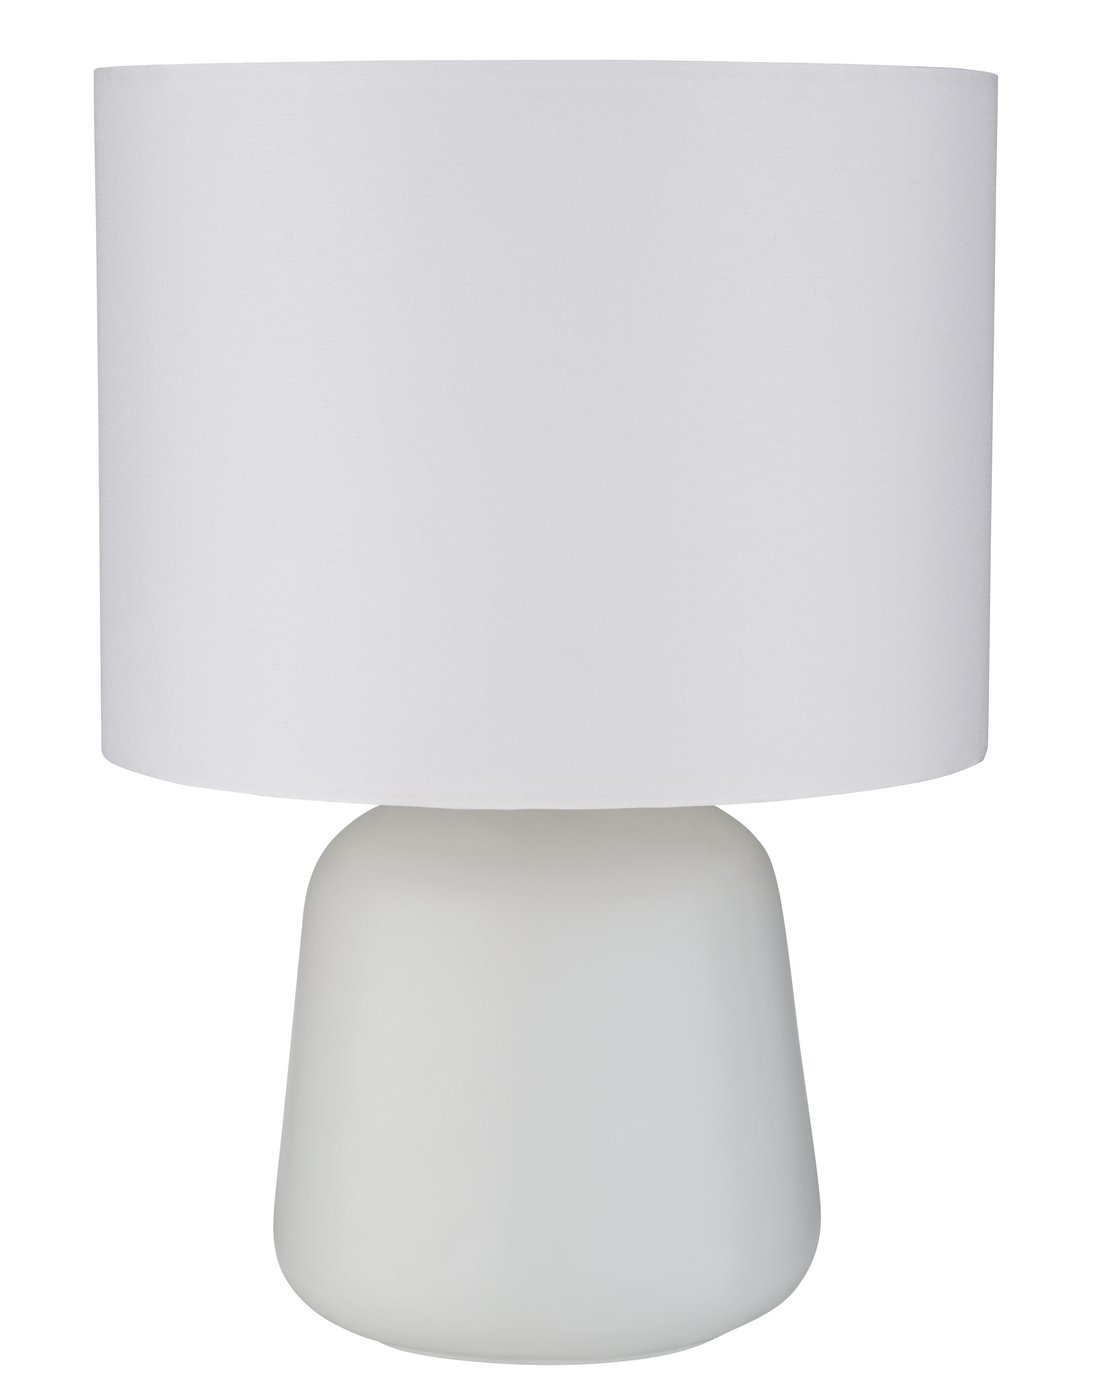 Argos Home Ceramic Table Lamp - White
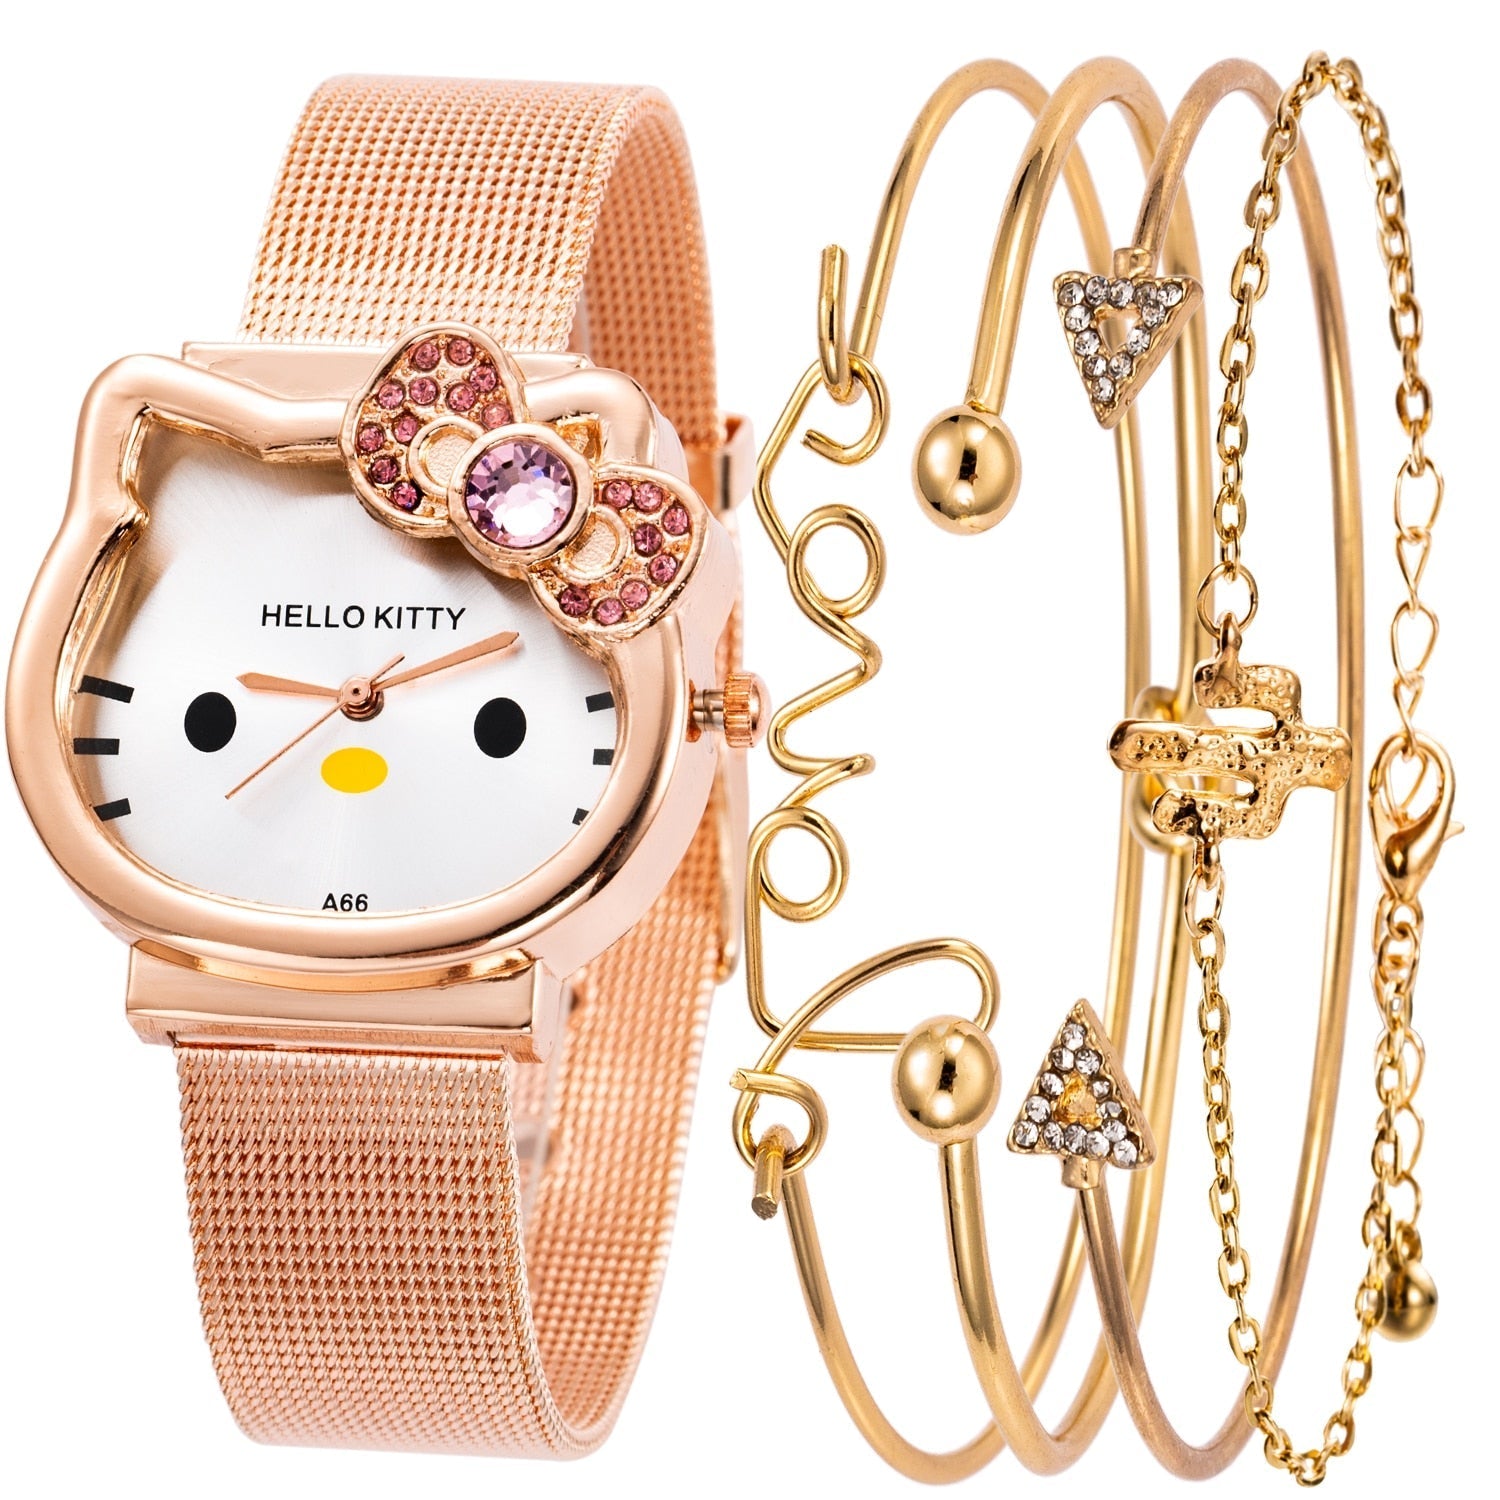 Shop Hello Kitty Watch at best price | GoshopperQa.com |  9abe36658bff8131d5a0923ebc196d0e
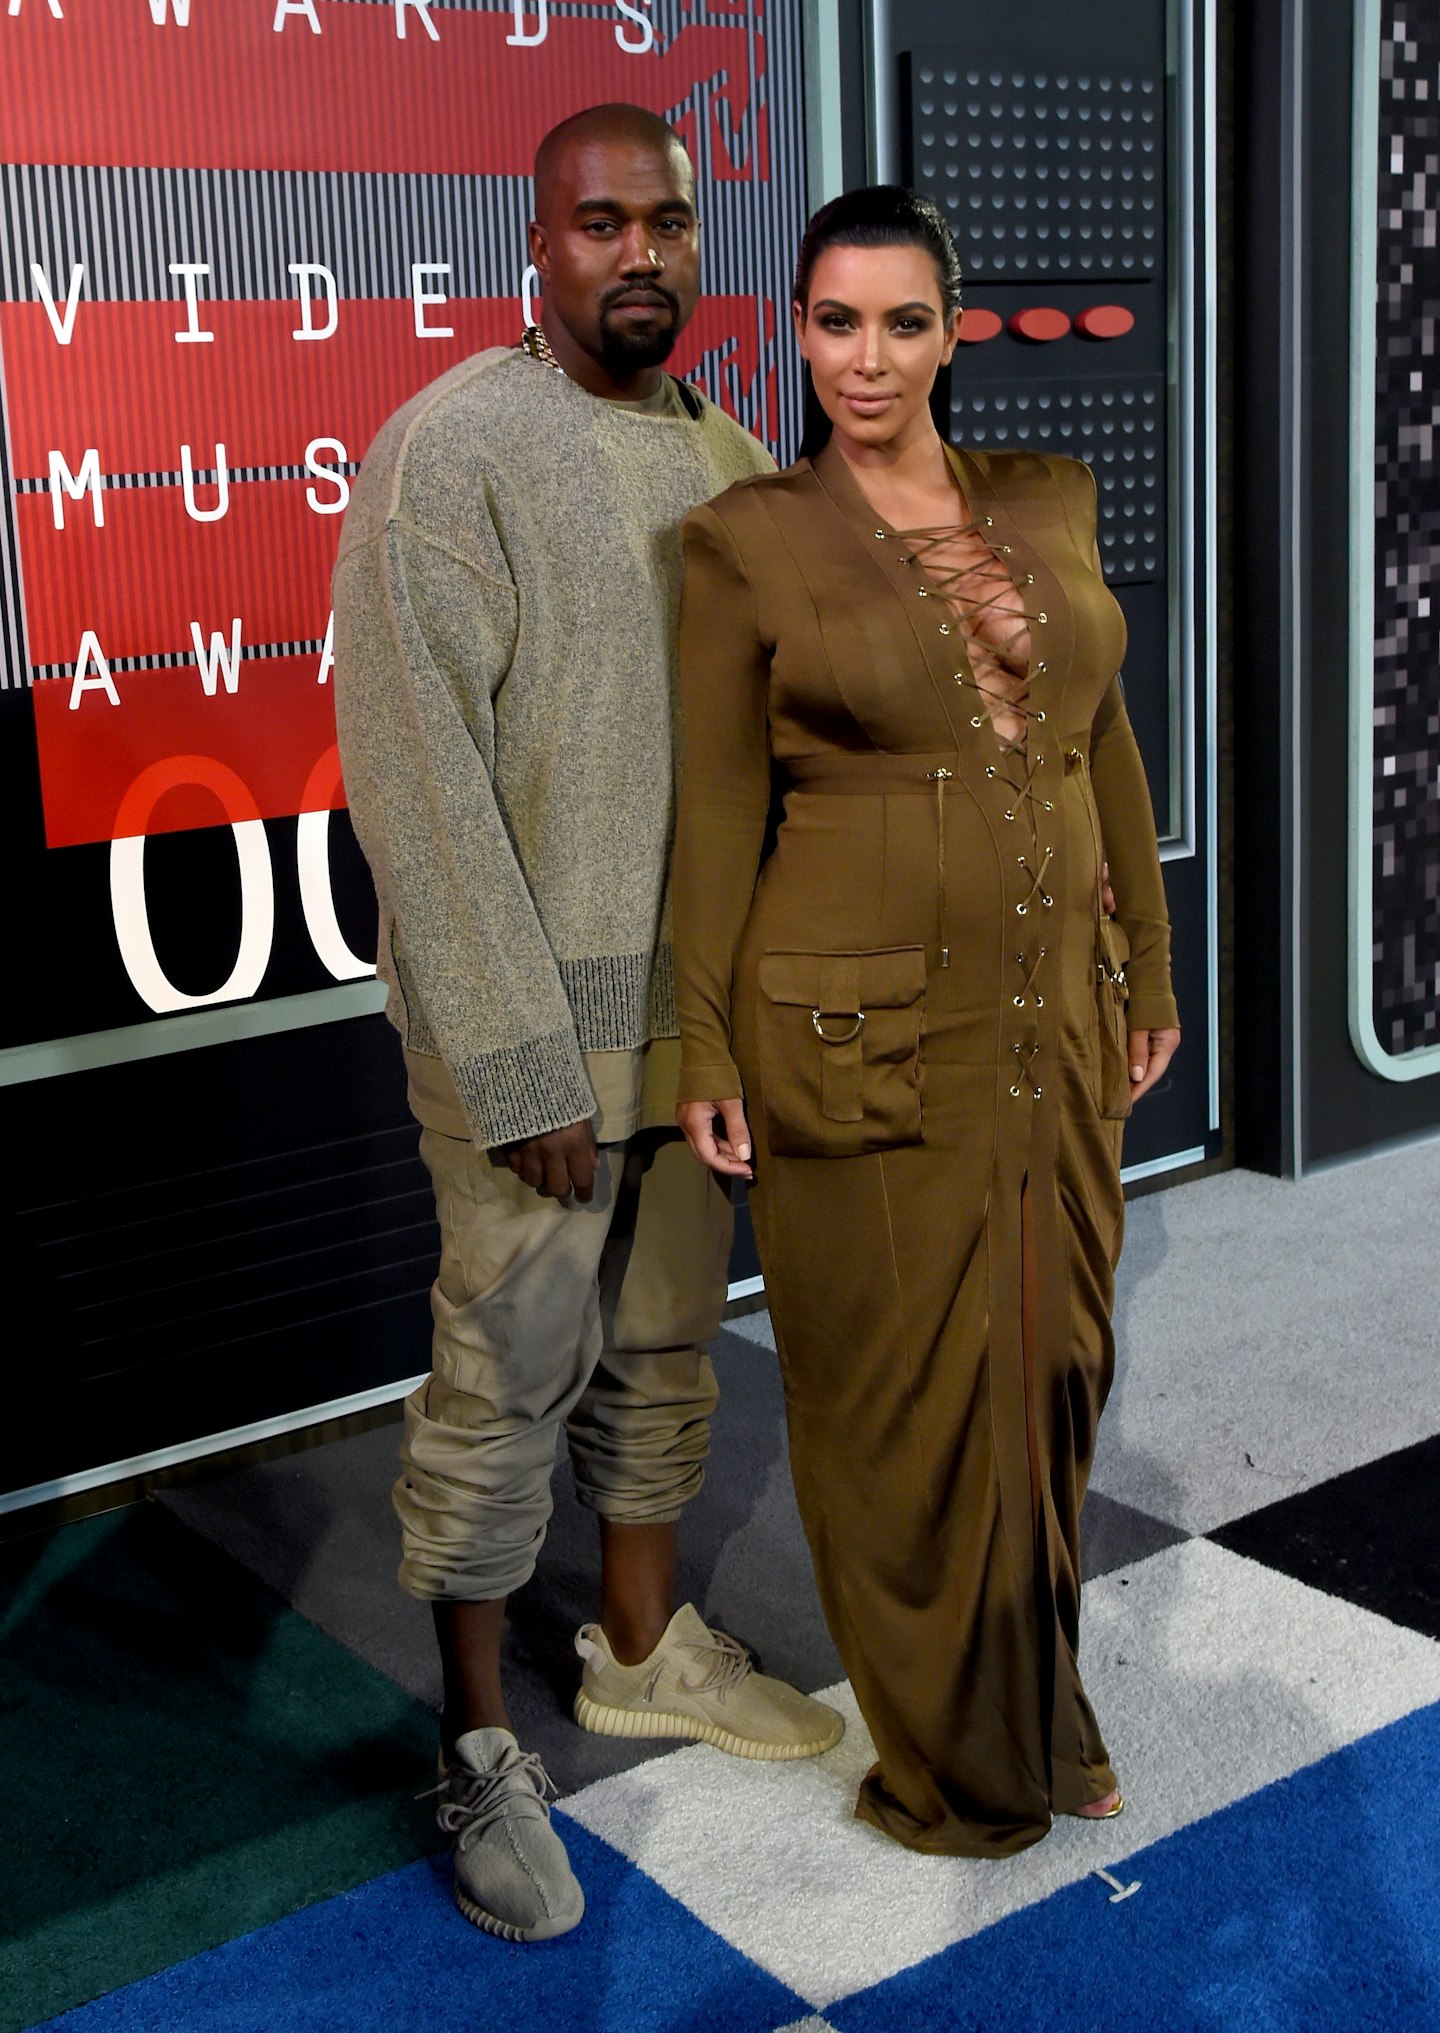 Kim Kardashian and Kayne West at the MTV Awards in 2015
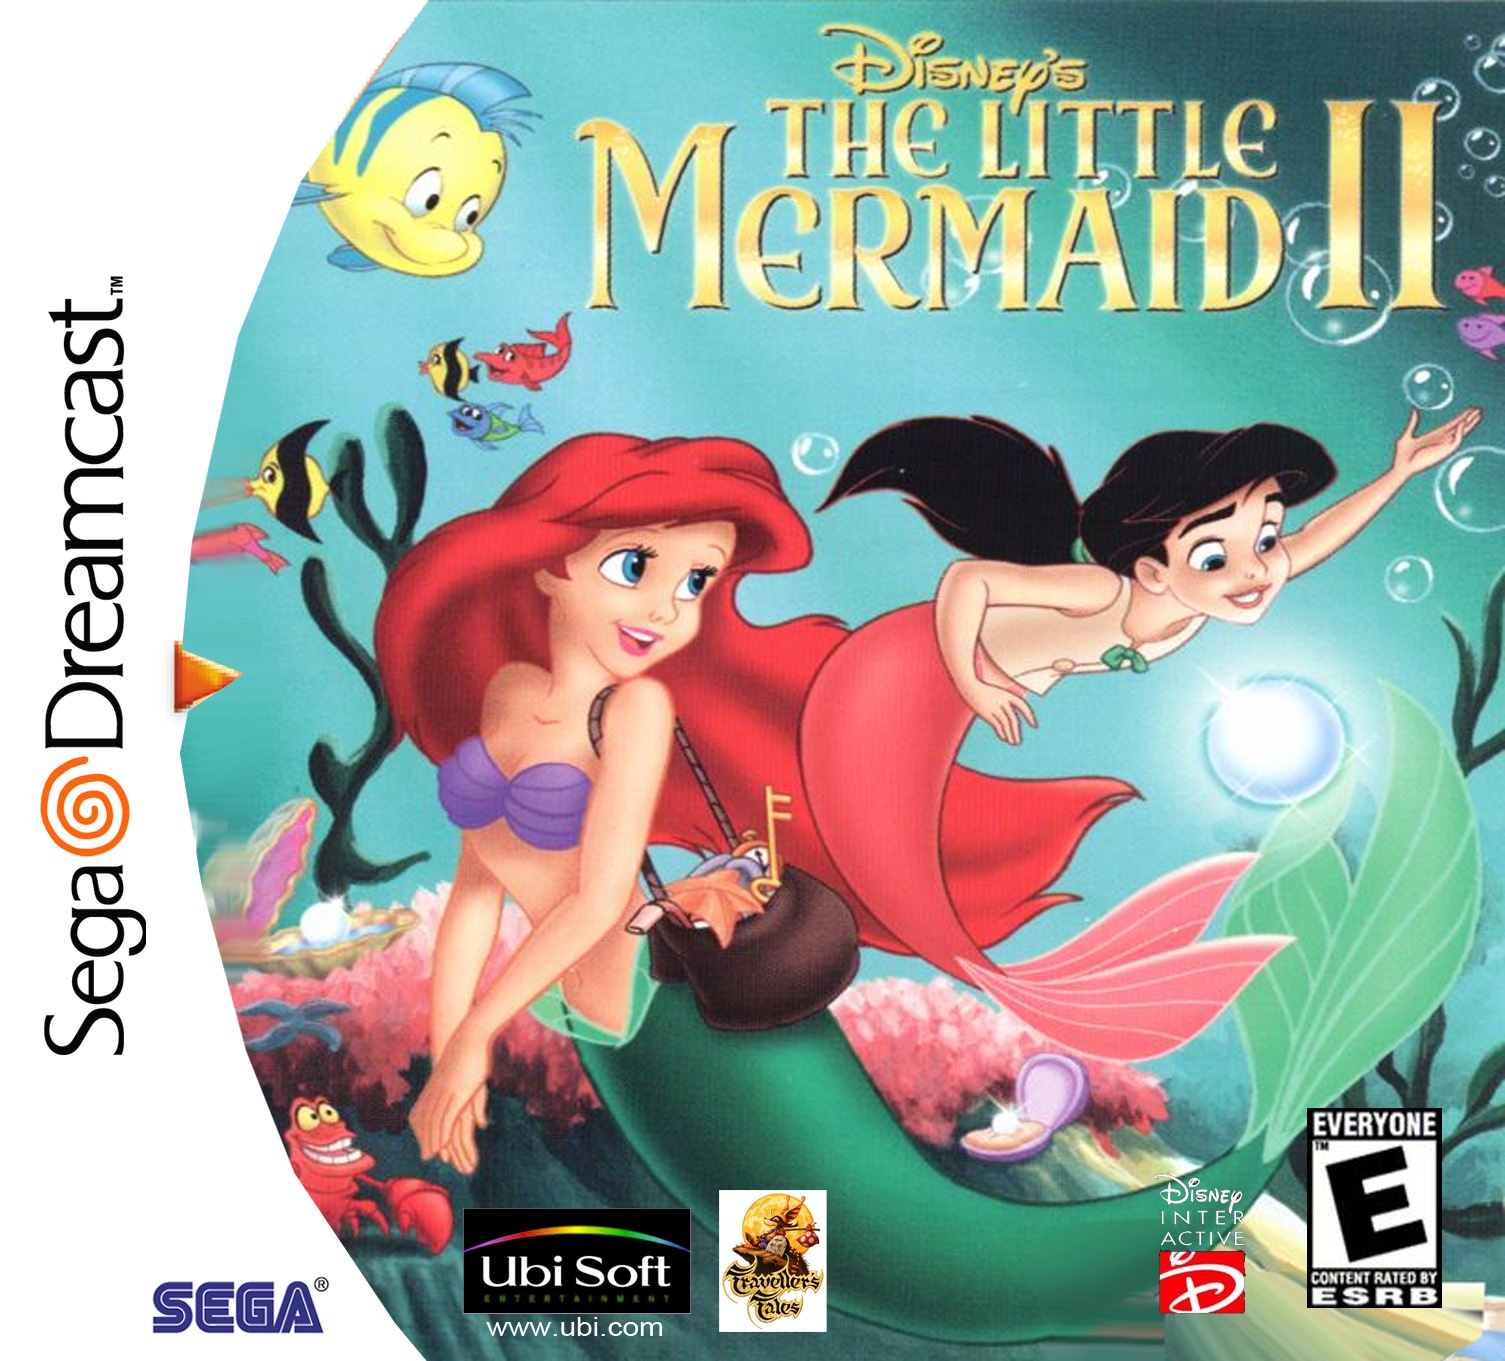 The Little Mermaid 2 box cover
■ ■ ■ ■ ■ ■ ■
What is needed is an exact reproduction of the data, pictures excluded.

 Argos Home Ceramic Table Lamp - White
 Shop Hello Kitty Watch at best price | GoshopperQa.com |  9abe36658bff8131d5a0923ebc196d0e
 Kim Kardashian and Kayne West at the MTV Awards in 2015
 The Little Mermaid 2 box cover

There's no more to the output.